Triangulation is dead: what does "socialism" mean in the 21st century?

The following is oversimplified, but it should get the point across:

Imagine a spectrum running from 100% socialist to 100% capitalist.

The Berniecrat-style Democratic Socialists are 55% socialist and 45% capitalist; they’re socialists. The Social Democrats, one step to their right, are 55% capitalist and 45% socialist. They’re capitalists. Both use a mix of economic policies, but each is to one side or the other of the centre point.

DemSoc and SocDem policies tend to appear rather similar, which is unsurprising given their ideological proximity. Moderately regulated markets with a safety net to catch those who fall through the cracks.

The SocDems are trying to make capitalism as inoffensive as possible; the moderate DemSocs are trying to make socialism as unintrusive as possible. The SocDems put a bit more power and wealth into the top half of the income distribution, the DemSocs put a bit more into the bottom half.

It’s a spectrum; the changes in policy are gradual, and neighbouring ideologies are more similar than distant ideologies. Parties such as the ALP in Australia began as DemSocs, but are now mostly SocDems thanks to the rightward drift of the last few decades.

Unsurprisingly, I have a somewhat different point of view on liberalism. It would take a very long post to explain and justify why in detail, but as a quick summary:

Liberal and libertarian free-speech politics-by-debate ideology is based upon the false premise that political disputes are settled by reasoned argument.

Firstly, this premise just isn’t true. Politics is, and always has been, about power. The current ruling class did not gain their position by the virtue of their arguments; they got there because they had the money and guns. Access to political power and resources in the present reality is very heavily influenced by inherited wealth and privilege. Liberal capitalist meritocracy is a myth.

Secondly, and of more practical concern in the current situation: politics-by-debate ideology is competely defenseless in the face of fascism. The marketplace of ideas does not work when confronted with disingenuous participants who do not respect their rights of their opponents. To borrow from Sartre:

image

You can argue all day with fascists, bringing your very best logic and evidence to the table, and it won’t do a damned thing. Nazis don’t see anyone outside their group as fully human, and they will attempt to subjugate or kill their victims as soon as the opportunity presents itself. To quote from another thread where related topics were discussed:

Liberal ideology claims that it can control extremism and oppression by codified legal rights.

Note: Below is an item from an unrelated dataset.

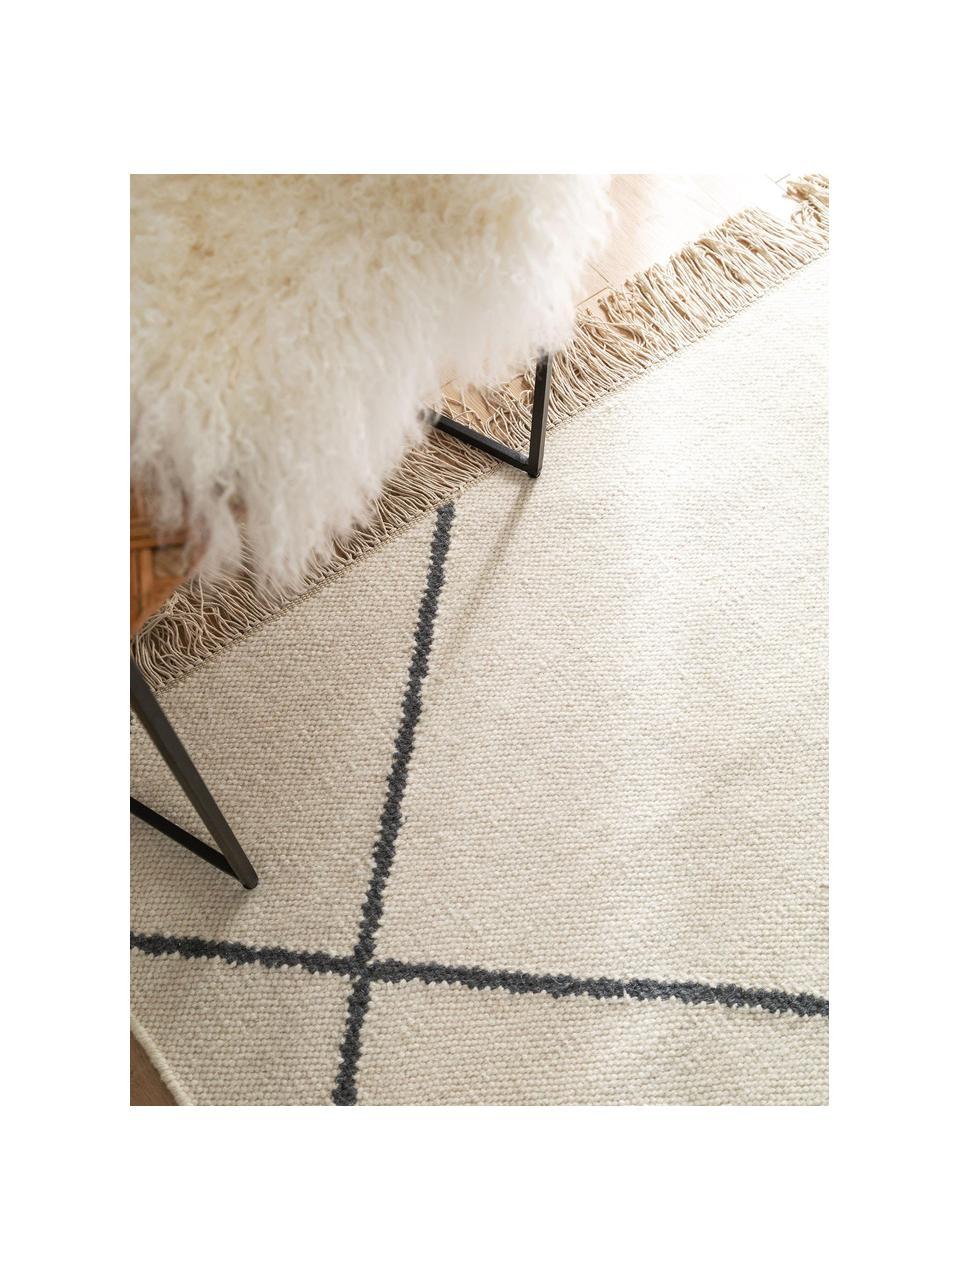 Handgewebter Kelim-Teppich Vince mit Zick-Zack-Muster und Fransen, 90% Wolle, 10% Baumwolle  Bei Wollteppichen können sich in den ersten Wochen der Nutzung Fasern lösen, dies reduziert sich durch den täglichen Gebrauch und die Flusenbildung geht zurück., Elfenbein, Dunkelgrau, B 200 x L 300 cm (Größe L)

The counter to this is that rights on paper are worthless when the state does not respect those rights, and that the best guarantee against oppression is to vest political power in the hands of the majority.

Both the current reality and American history in general suggest that the liberal approach is ineffective at resisting oppression and exploitation.

.

On the more general theme of why I am not a liberal:

The history is important [1].

The original parliamentary parties were conservatives; the landed nobles who forced their kings to surrender some power during the Renaissance. Then in the 18th century, after the rise of capitalism, a new group of merchants and industrialists gained enough wealth that they were able to successfully challenge the power of the conservative aristocrats.

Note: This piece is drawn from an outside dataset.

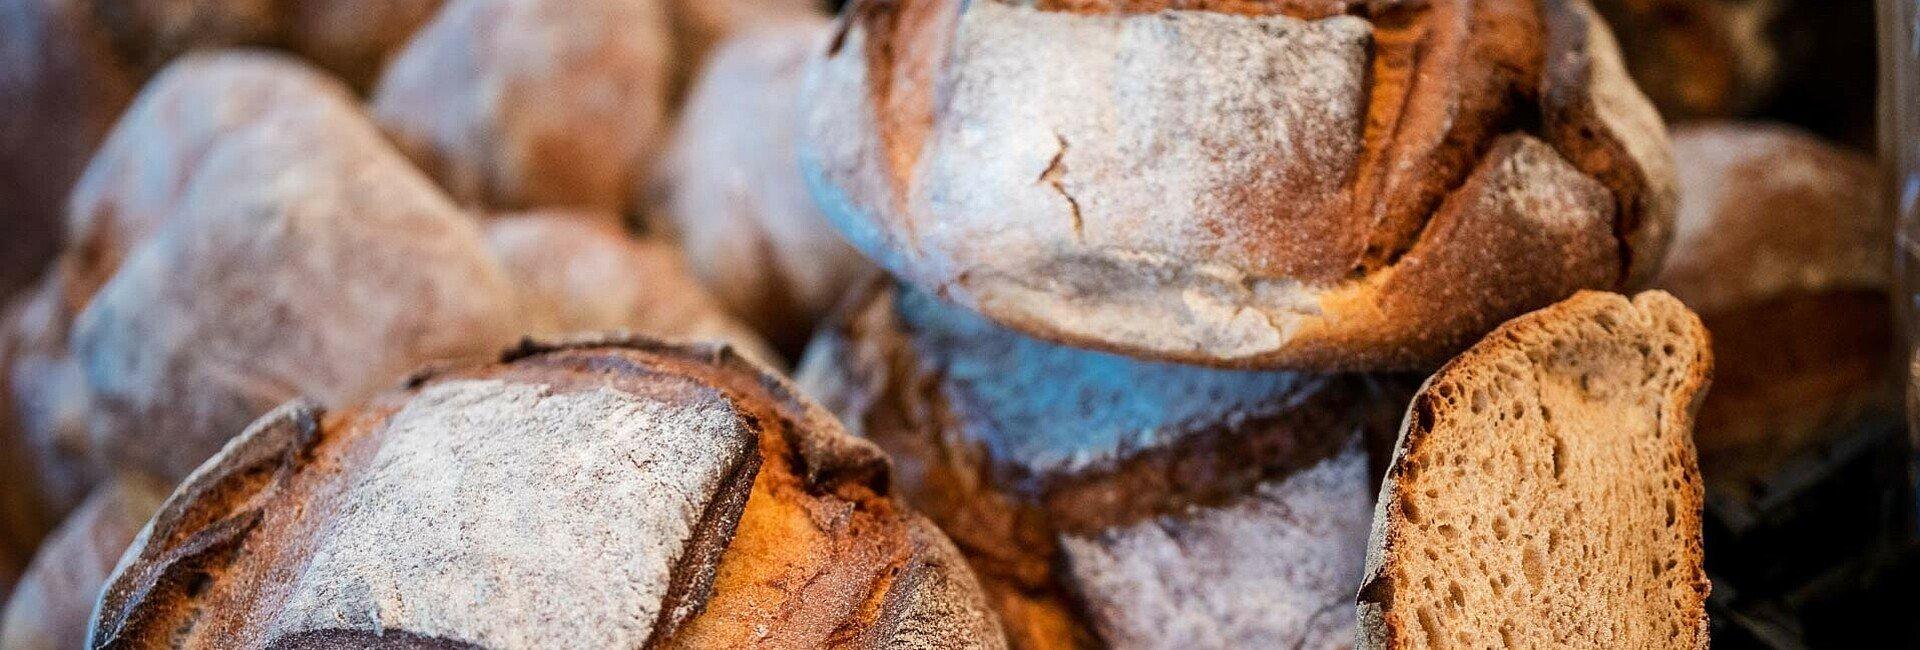 Auch Brot und andere Backwaren werden beim Foodsharing gerettet

These were the liberals [2], and it is from their newfound dominance that the concept of “liberal democracy” was born. But note that it was still only people with money that had any say in running the government.

About a century later, the radicals arose. These were people who were “radical” in the sense that they believed that working-class people should be allowed to vote. The advancing development of firearms had rendered traditional methods of suppressing uppity peasants less reliable, so after long and painful struggle, the workers got the vote.

But they still didn’t have any money, and their power was severely constrained by the moneyed classes’ deliberate corruption of democracy.

Then the socialists showed up, and began to argue that the peasants should not just have a say, they should be in charge, because they are the majority and they do nearly all the work.

This is the basis of where the “dictatorship of the proletariat” idea comes from. That sounds like a cartoonishly menacing phrase, but all it really means is that in any true democratic state, the largest group is going to have the dominant say, just by weight of numbers.

The current US political system is deliberately designed to prevent that from happening. Some of that is openly acknowledged (e.g. the original justification for the electoral college), some of it is not (e.g. the functional disenfranchisement of the American working class via voter suppression and the gerrymander).

Which leads into the argument presented in this thread:

https://twitter.com/elenthemellon/status/911321825182920705

Anyway…that was all a bit rambly, but it might provide some things to talk about.

My background is neuroscience, philosophy of science, scientific history and military history; I’m not accustomed to discussing political theory in detail. The basic ideas are in my head, but explaining it clearly and with accurate terminology is still something that I’m working on. My general political position is somewhere between Naomi Klein and Akala, and both of them are much more eloquent than I am.

.

[1] So important that I am now going to oversimplify it to such a degree that historians are probably spontaneously combusting around the globe. But it does the job for what I’m trying to say here.

[2] Being a bit loose with terminology here; ideology and party names are not the same thing. Whigs etc.